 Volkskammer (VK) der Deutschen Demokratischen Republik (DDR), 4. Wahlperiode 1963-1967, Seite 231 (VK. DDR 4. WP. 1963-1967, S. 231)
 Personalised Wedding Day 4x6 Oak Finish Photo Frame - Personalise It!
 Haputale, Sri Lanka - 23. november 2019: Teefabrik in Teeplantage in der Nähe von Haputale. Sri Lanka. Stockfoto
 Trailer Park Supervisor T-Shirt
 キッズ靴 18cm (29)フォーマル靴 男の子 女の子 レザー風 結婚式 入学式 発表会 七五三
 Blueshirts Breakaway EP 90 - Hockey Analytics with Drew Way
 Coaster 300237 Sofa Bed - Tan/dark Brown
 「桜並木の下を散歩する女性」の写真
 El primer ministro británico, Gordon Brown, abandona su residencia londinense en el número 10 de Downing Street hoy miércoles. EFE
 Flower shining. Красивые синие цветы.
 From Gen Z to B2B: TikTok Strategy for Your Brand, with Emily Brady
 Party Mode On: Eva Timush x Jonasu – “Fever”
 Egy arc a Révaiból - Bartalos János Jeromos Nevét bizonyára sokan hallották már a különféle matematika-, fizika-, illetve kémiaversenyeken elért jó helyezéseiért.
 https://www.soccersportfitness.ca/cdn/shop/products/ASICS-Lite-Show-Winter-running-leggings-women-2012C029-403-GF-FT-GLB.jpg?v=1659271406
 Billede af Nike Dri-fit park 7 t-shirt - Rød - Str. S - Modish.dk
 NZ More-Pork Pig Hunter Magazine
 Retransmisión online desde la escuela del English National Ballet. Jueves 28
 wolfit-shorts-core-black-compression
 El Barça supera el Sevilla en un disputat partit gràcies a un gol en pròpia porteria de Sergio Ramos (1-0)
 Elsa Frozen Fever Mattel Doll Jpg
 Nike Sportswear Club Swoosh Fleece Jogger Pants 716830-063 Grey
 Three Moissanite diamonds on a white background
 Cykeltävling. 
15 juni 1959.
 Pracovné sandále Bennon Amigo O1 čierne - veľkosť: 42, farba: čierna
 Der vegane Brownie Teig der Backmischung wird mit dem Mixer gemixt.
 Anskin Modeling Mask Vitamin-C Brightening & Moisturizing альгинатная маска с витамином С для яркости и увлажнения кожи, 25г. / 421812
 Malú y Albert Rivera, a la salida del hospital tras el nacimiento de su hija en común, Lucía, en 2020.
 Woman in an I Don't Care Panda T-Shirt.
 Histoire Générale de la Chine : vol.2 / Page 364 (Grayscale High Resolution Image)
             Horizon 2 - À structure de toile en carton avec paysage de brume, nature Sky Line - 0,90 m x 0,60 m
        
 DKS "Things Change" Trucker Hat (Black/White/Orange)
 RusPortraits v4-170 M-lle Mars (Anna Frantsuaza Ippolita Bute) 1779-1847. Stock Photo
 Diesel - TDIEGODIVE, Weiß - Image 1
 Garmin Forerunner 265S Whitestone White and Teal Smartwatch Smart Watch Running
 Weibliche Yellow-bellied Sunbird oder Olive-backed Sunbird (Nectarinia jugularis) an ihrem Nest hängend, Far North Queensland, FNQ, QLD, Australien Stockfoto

**TO DO:** Lines from the one containing "Woman in an I Don't Care Panda T-Shirt." through the last line of the records, restated word for word: that is the whole response.

**OUTPUT BELOW:**
 Woman in an I Don't Care Panda T-Shirt.
 Histoire Générale de la Chine : vol.2 / Page 364 (Grayscale High Resolution Image)
             Horizon 2 - À structure de toile en carton avec paysage de brume, nature Sky Line - 0,90 m x 0,60 m
        
 DKS "Things Change" Trucker Hat (Black/White/Orange)
 RusPortraits v4-170 M-lle Mars (Anna Frantsuaza Ippolita Bute) 1779-1847. Stock Photo
 Diesel - TDIEGODIVE, Weiß - Image 1
 Garmin Forerunner 265S Whitestone White and Teal Smartwatch Smart Watch Running
 Weibliche Yellow-bellied Sunbird oder Olive-backed Sunbird (Nectarinia jugularis) an ihrem Nest hängend, Far North Queensland, FNQ, QLD, Australien Stockfoto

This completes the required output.